しかし、ニュースには賞味期限がある。タイムリーな情報発信をしていかなければ、ニュースそのものに対する社員の興味関心も薄れてしまうだろう。

正確に
発信した内容については、「意図した通りに受け止められているか」という点に留意する必要がある。受け手の状況に応じて同じメッセージでも全く異なる受け止められ方をされる場合もある。受け手側のストーリーに想いを馳せ、狙った伝わり方を作り上げる必要がある。

効果的に
情報は発信して終わりではない。メッセージの裏側には「社員にどう行動してほしいか」が必ず含まれている。
コンテンツとして認知を広げていくことだけでなく、メッセージを受け取り、共感した/鼓舞された社員が行動の変化を起こしやすい環境づくりが必要になってくる。

メッセージを受け止めた瞬間が、行動変容のモチベーションが一番高い状態である。ハードルの低い行動を喚起するきっかけも一緒に提供することで、メッセージを体現させていくためにはどうすればいいかを考えていく必要がある。

共通して必要になるのは準備

素早い発信のためには、会社が社員に何を感じ取ってほしいのか、
正確な発信のためには、社員が会社に何を期待しているのか、
効果的な発信のためには、情報が届いた次のステップをどこに置くのか、
常に考え、状況に応じてアップデートしていく必要がある。

そのためには、会社の考え、社員の思い、社内広報としての学びに対して日々アンテナを立て、インプットを自分のものとしておく営みを日々続け、ニュースが生まれた瞬間に備えていくことが力になるだろう。

社内広報もコーポレートスタッフの一員である以上、自社に何かしらの価値を生み出していく必要がある。単純に「楽しい」広報はただの自己満足なってしまう。 

 2. engage

2つ目は、社員の会社へのロイヤリティを高めていくことだ。人材市場の流動化が加速し、タレントの奪い合いが進んでいる中、特に優秀な人材については、「会社と個人が対等になるコミュニケーション」を求める傾向がある。

コミュニケーションの双方性の担保
社員が会社にどういったメッセージの発信を期待しているかに対して感度を高める必要がある。ネガティブなニュースを発する状況になってしまったときも「未来に期待できる」要素を盛り込めないか検討を欠かさない。

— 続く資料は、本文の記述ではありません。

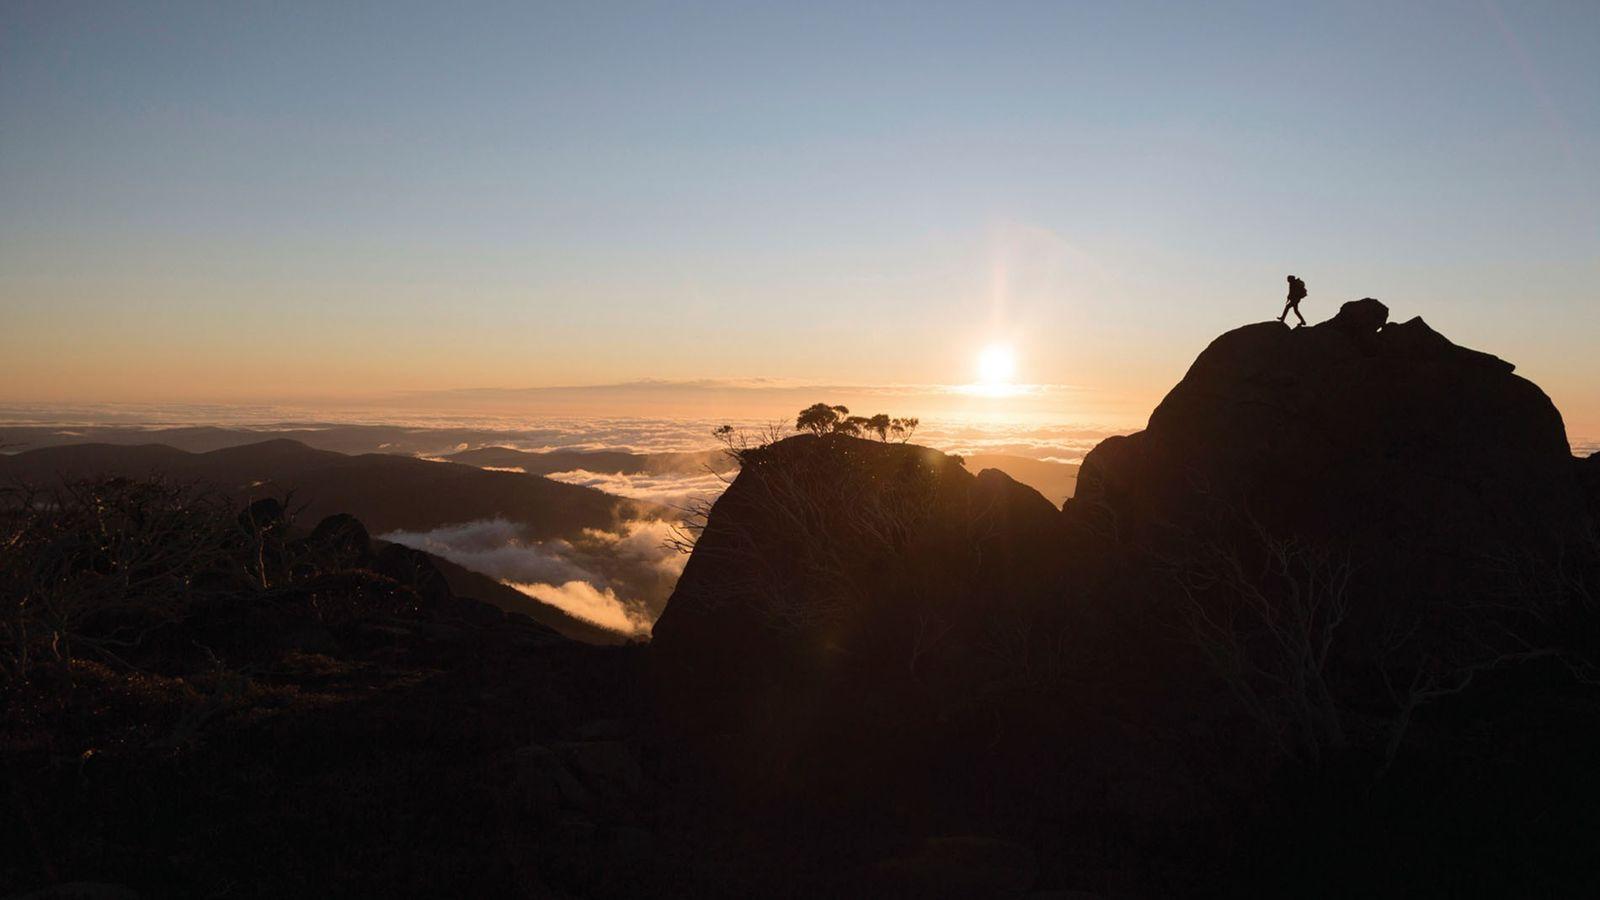 Sunset at Kosciuszko National Park, Kosciuszko, New South Wales, Australia
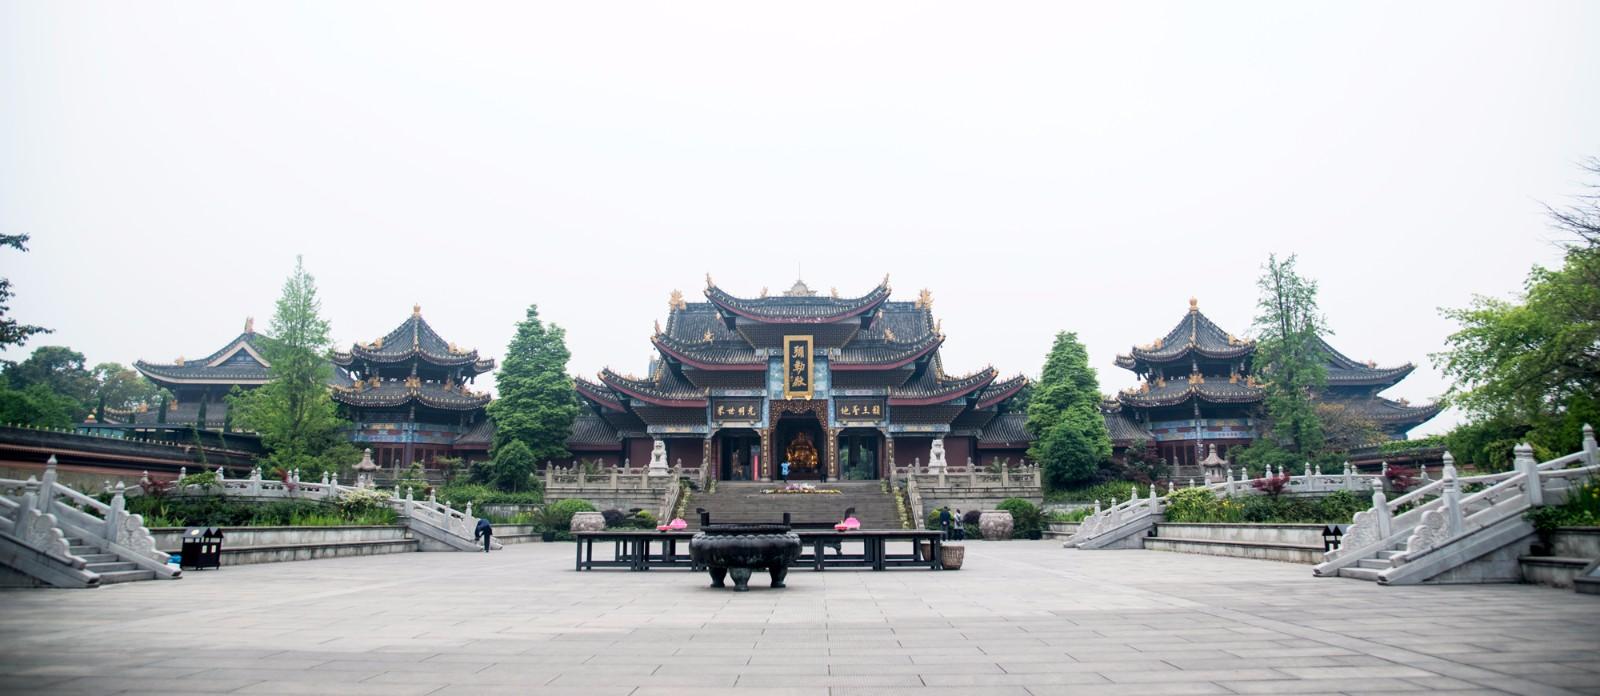 Mount Emeishan tour

会社と社員との間で「誠実な」コミュニケーションを実現するための最低ラインは「経営は現場の声に耳を傾けている」「現場の課題感は経営にも届いている」と感じてもらうことだろう。そして理想としては「現場を先回りして経営は次の一手を考えている」という印象をどう与えていくかまで、意図をもったメッセージ設計ができている必要がある。

 3. empower

最後のひとつ、そして社内広報が会社への価値創出の面で最も貢献できるミッションは、組織のナレッジを組織全体に流通させることだ。
縦割りで事業部が分かれていても、組織が大きいほど「同じ課題で悩んでいる」それまで出会わなかった人同士が結びつくことで「新たなイノベーションが生まれる」機会を生み出すことができる。

giverになる

そうした社内における情報流通・連携の仕組みの起点となるためには、情報のgiverであろうとする意志だと思う。
情報のハブではなく、銀行になる。たくさん情報を預けてもらい、利子をつけて返すことを意識する。
全く新規の情報でなくても、聞いた話をまとめた議事録にする、図にまとめて認識があっているかを確認する。どこかでニュースとして形にする、など行動によってgiveは作れる。
そうした行動を一つ一つ積み重ねることで、少しずつ「広報の人と話すといいことがあるかも」というイメージが広がる。そして、自然と社員から「こういうニュースもあるんだけど」と話を持ちこまれる存在になるのが一つのゴールとなるだろう。
受け取った情報をまた誰かにまたつなぐことを繰り返すことで、情報の循環を生み出し、加速していく営みを常に実行していきたい。


さいごに 社内広報として大事にしたいこと

コロナでリモートとなり、新たな人との出会いが少なく、リアルタイムの情報キャッチアップがしにくくなっている広報パーソンはとても多いと思う。

けれども、情報の集約点である広報ですらそうなのだから、他メンバーはもっと深刻な状況になっている。そして、情報発信・浸透・人同士の媒介を役割として背負う広報にとって、まさにこうした状況を打開していくことが求められる。

組織と組織みんなに想いを馳せること。これが社内広報の大事な役割だと信じている。